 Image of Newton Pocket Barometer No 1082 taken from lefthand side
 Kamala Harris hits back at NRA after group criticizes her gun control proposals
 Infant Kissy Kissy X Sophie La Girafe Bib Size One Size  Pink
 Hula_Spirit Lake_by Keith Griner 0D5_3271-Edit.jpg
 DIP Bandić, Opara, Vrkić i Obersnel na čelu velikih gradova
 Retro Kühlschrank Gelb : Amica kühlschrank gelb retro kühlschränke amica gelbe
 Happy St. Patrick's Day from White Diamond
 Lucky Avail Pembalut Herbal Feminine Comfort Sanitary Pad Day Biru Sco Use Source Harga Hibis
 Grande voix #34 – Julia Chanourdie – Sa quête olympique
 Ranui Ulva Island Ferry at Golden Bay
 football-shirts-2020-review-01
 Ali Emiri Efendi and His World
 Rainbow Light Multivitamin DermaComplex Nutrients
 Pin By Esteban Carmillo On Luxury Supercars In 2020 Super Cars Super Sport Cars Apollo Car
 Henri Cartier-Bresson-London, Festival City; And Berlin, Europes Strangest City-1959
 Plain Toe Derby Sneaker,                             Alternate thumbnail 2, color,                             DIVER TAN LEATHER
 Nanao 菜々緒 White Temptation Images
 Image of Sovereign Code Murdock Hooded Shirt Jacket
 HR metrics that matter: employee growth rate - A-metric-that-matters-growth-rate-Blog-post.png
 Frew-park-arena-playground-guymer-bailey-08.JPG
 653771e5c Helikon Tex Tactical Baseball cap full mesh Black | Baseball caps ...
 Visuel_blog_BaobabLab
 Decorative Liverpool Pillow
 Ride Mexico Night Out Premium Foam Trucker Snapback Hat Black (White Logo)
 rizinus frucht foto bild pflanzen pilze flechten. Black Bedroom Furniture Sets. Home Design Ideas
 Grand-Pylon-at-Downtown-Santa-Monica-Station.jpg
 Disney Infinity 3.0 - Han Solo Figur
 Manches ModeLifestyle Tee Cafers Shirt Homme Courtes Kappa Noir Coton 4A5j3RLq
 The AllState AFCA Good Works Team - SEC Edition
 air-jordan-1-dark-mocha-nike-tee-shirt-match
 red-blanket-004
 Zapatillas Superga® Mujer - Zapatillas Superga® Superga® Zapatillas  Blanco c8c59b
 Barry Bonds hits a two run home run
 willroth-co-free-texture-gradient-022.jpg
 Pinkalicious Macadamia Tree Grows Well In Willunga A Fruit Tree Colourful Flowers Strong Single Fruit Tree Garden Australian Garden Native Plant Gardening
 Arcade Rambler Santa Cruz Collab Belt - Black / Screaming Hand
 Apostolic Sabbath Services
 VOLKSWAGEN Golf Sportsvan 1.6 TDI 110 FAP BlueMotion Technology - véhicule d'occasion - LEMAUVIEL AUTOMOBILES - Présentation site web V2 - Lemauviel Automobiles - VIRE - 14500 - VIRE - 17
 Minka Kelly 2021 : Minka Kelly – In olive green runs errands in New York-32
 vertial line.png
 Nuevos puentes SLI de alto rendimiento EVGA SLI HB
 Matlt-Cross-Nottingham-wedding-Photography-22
##########
Would you filter the entries above and keep each line that has the word "White"?

- [WRITTEN ANSWER]
 Happy St. Patrick's Day from White Diamond
 Nanao 菜々緒 White Temptation Images
 Ride Mexico Night Out Premium Foam Trucker Snapback Hat Black (White Logo)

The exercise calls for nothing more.